The Daughter of DawnIt was Johnny Boggs’s turn to select the film for this Western Night session and he chose a surprising silent released in 1920 called THE DAUGHTER OF DAWN, a film about Native Americans with a cast of all Native Americans, namely Kiowas and Comanches.

The love triangle of the story concerns two Kiowa men both in love with Daughter of Dawn (Esther LeBarre), the chief’s daughter. She loves White Eagle (White Parker, the son of famed Comanche leader Quanah Parker), a strong, kind man with few possessions. His rival, Black Wolf (Jack Sankadota), owns many ponies, and wants to marry Dawn so he can be certain of becoming the new chief.

It’s a familiar tale, and one that takes on Shakespearean dimensions of vengeance and twisted emotions, but there’s also a moment or two that are truly preposterous. Let’s just say tests of love and devotion take on new meaning. In spite of this, though, the film is still remarkable and engaging.

Produced by Richard Banks, an Anglo, and his Texas Film Company, the film was written and directed by Norbert Myles, also an Anglo, whose background included performing in vaudeville and then directing a few low budget movies. According to reports, Banks enticed Myles, who’d been blackballed by Hollywood studio brass for being difficult, with an idea for a film involving, he said, “an old Comanche legend.”

With only one camera to shoot the film, Myles kept the camera stationery allowing the cast to move within the frame; simple yet effective.

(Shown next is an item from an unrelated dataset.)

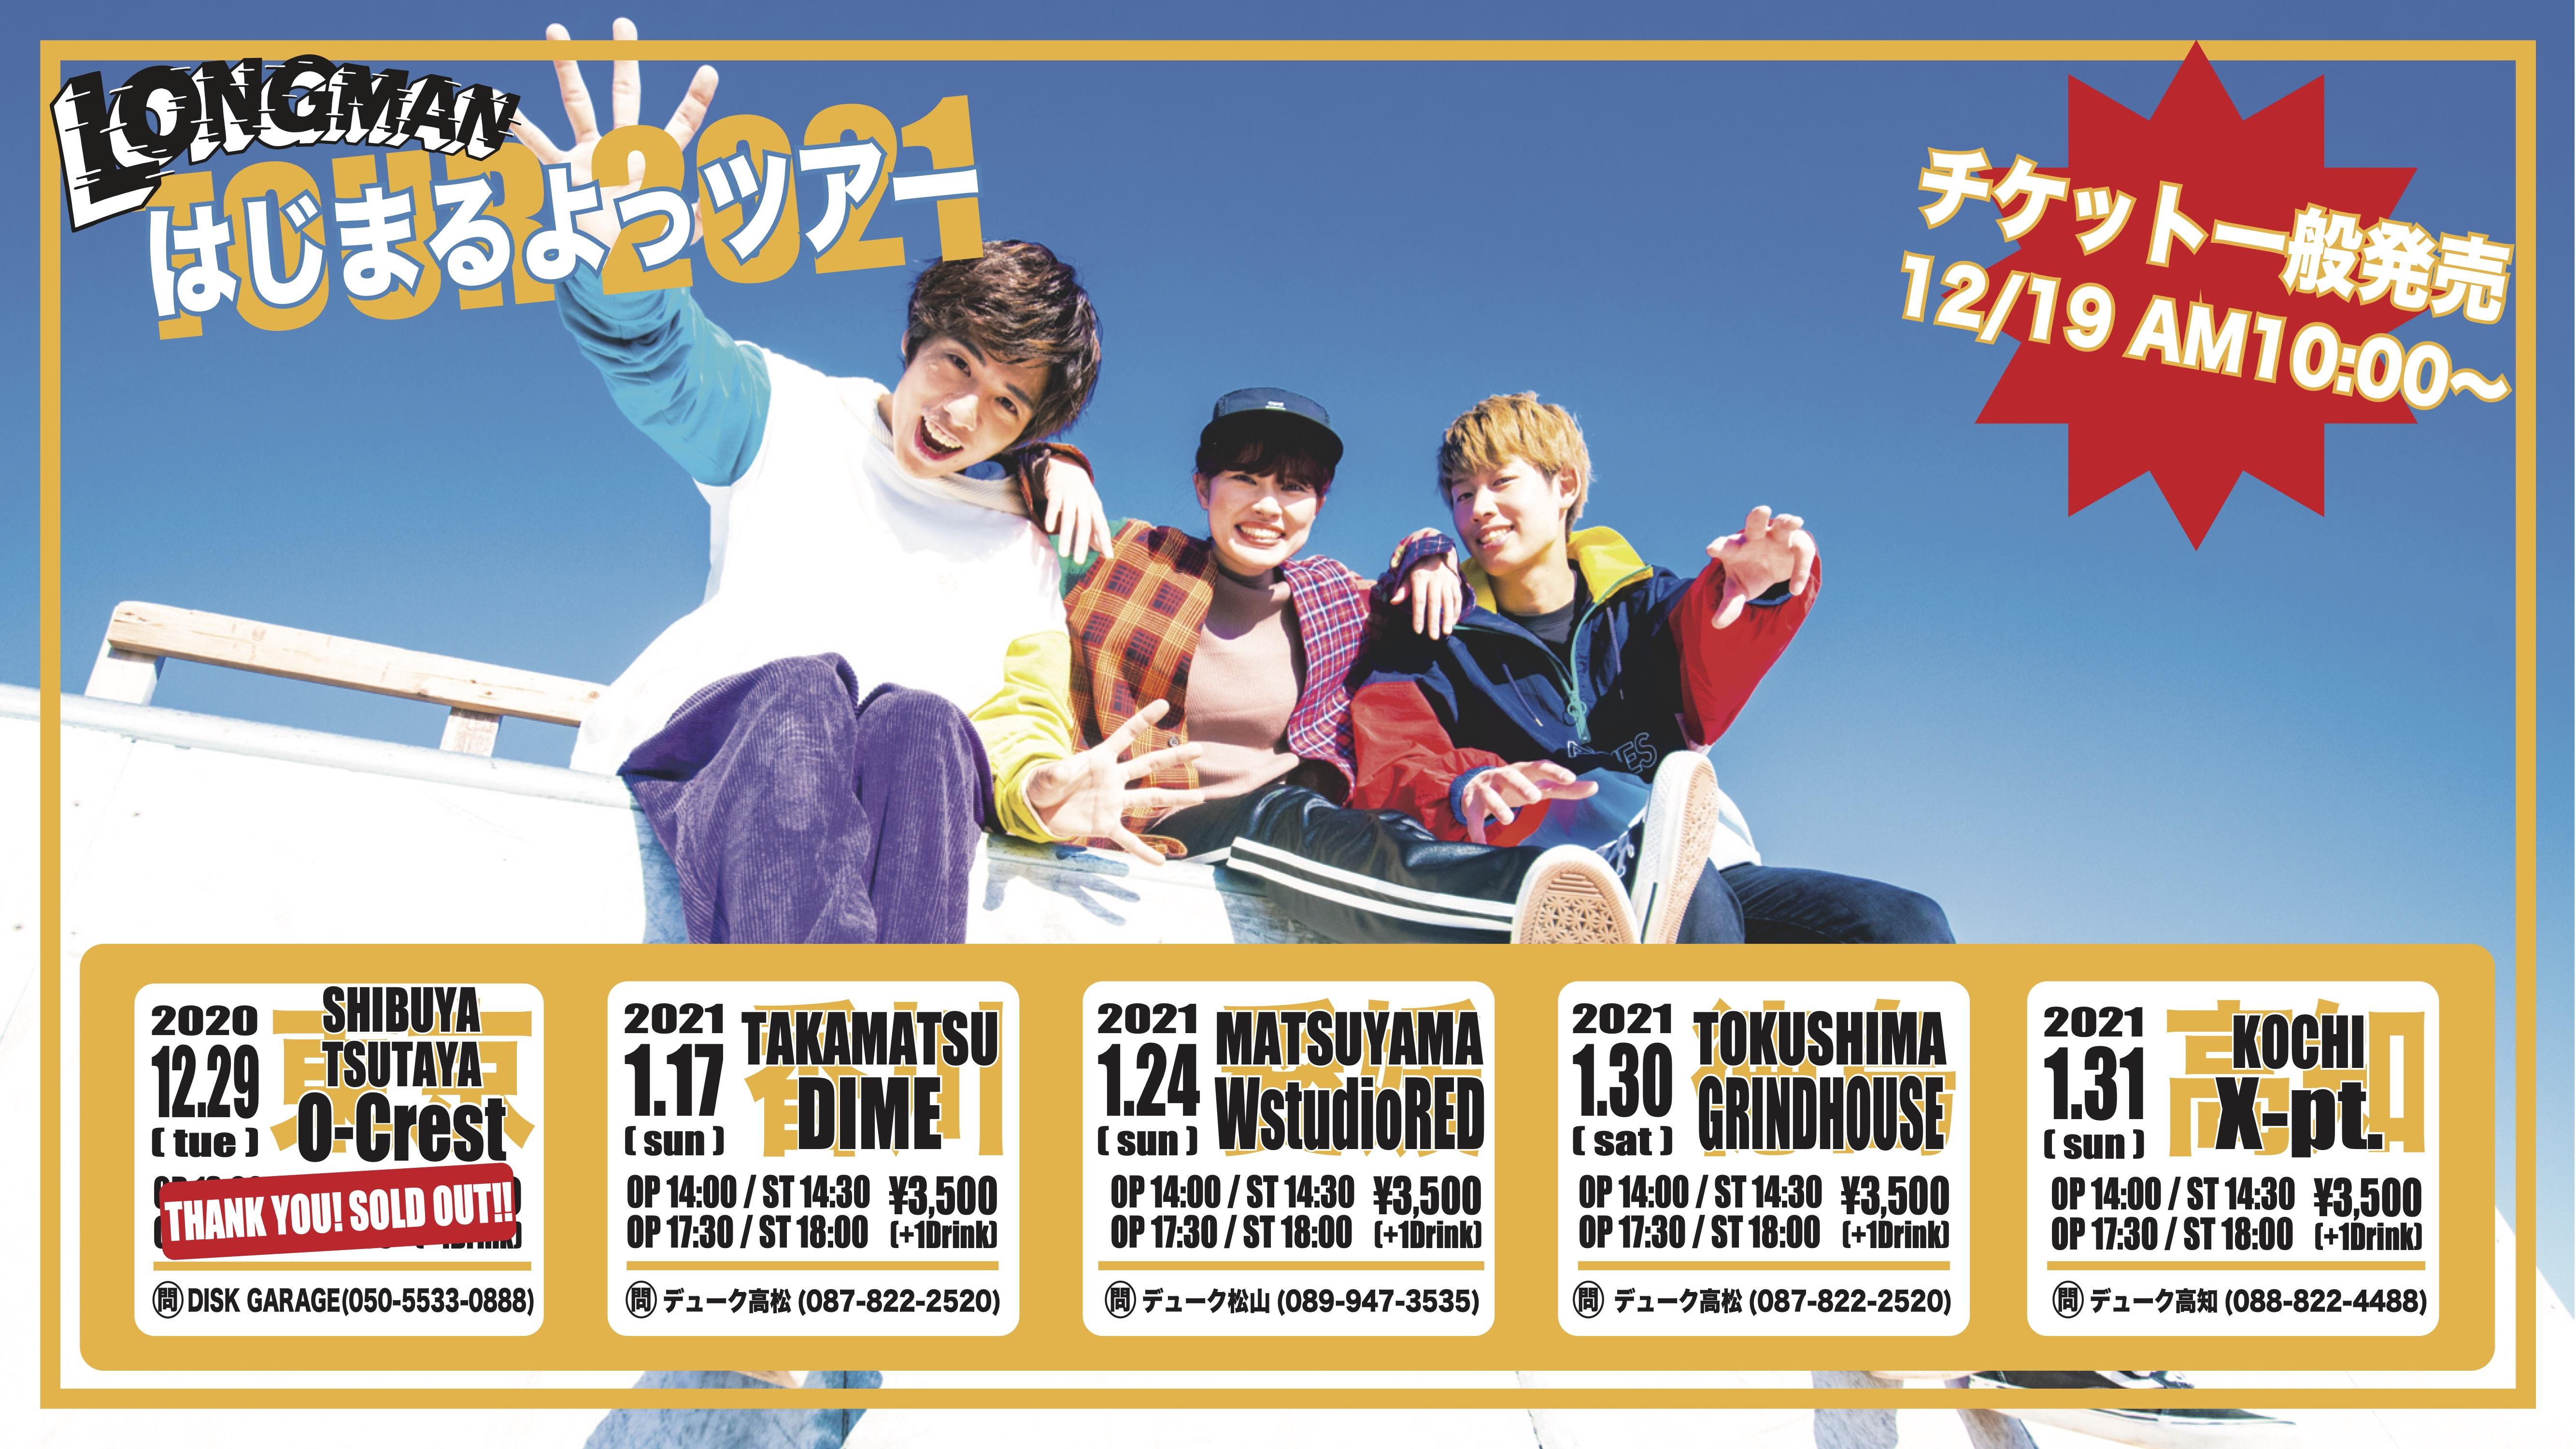 「LONGMANはじまるよっツアー」チケット発売中!

There’s not even a panning shot during the buffalo hunt or the battle scenes, though in fairness, the combat moments are poorly staged.

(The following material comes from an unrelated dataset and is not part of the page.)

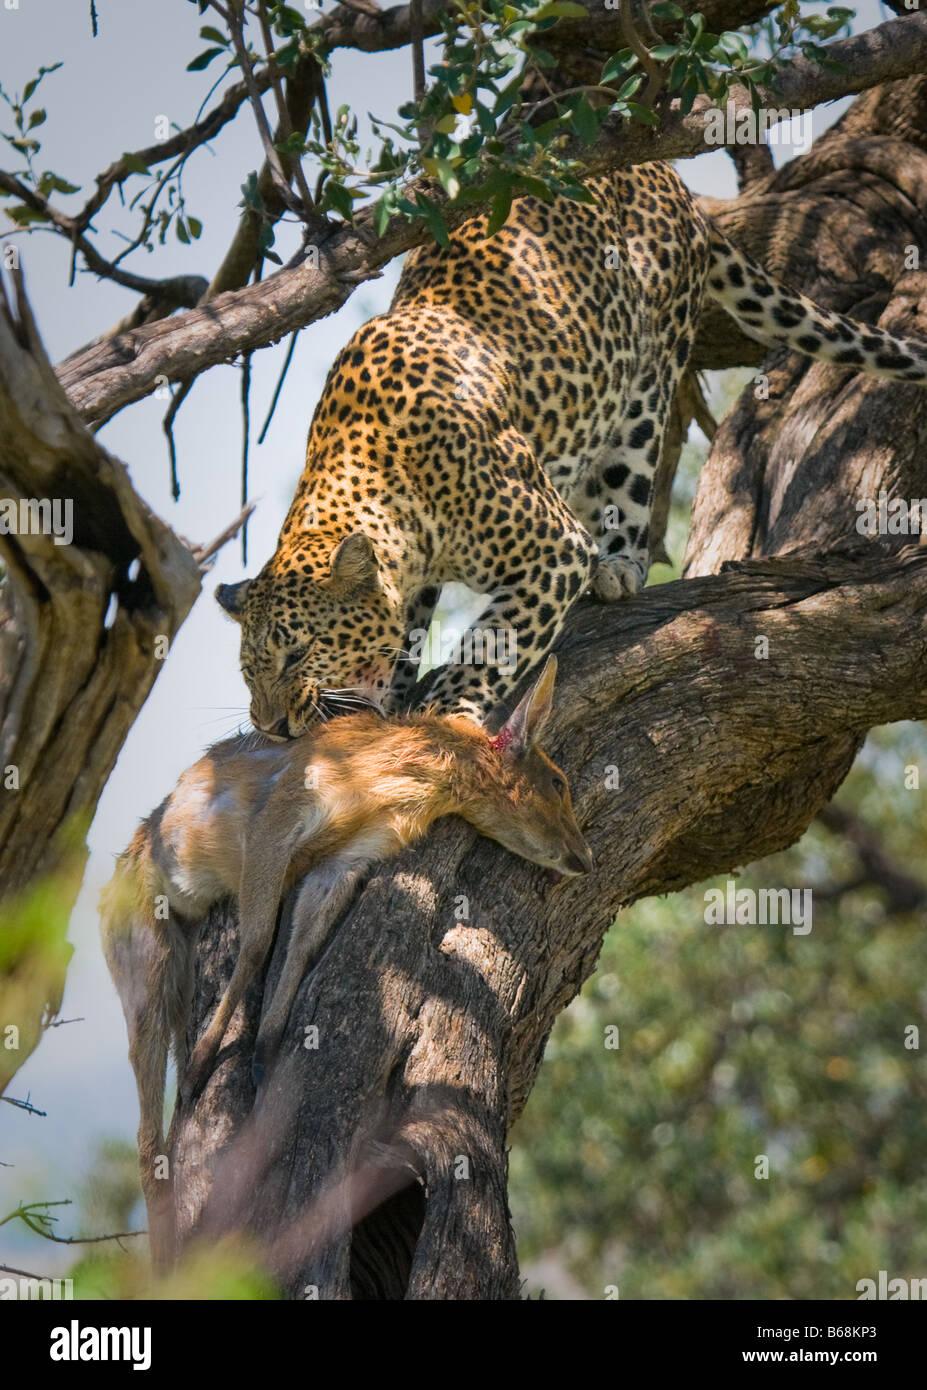 leopard eating impala masai mara kenya - Stock Image

Also, the clothing, tipis, horses and weapons were all actual possessions brought by the Indians to the filming location in the Wichita Mountains in Oklahoma.

The film was sneak previewed in Los Angeles with one reviewer calling it “original and breath-taking.” Its history became murky after that and the film was feared lost, but a copy was discovered ninety years later and restored by the Oklahoma Historical Society.

With a running time of 80 minutes, the film is available on DVD and Blu-Ray.

Along with Johnny, record nine-time Spur Award-winning author and Owen Wister Award winner whose work includes A THOUSAND TEXAS LONGHORNS, our group includes Kirk Ellis, Emmy-winning screenwriter and producer of HBO’s JOHN ADAMS and TNT’s INTO THE WEST, Kirk’s wife, Sheila, David Morrell, award-winning author and New York Times best-selling author of FIRST BLOOD, the novel that introduced the character Rambo, and Robert Nott, award-winning journalist and author of several books on Western films, including his most recent THE FILMS OF BUDD BOETTICHER.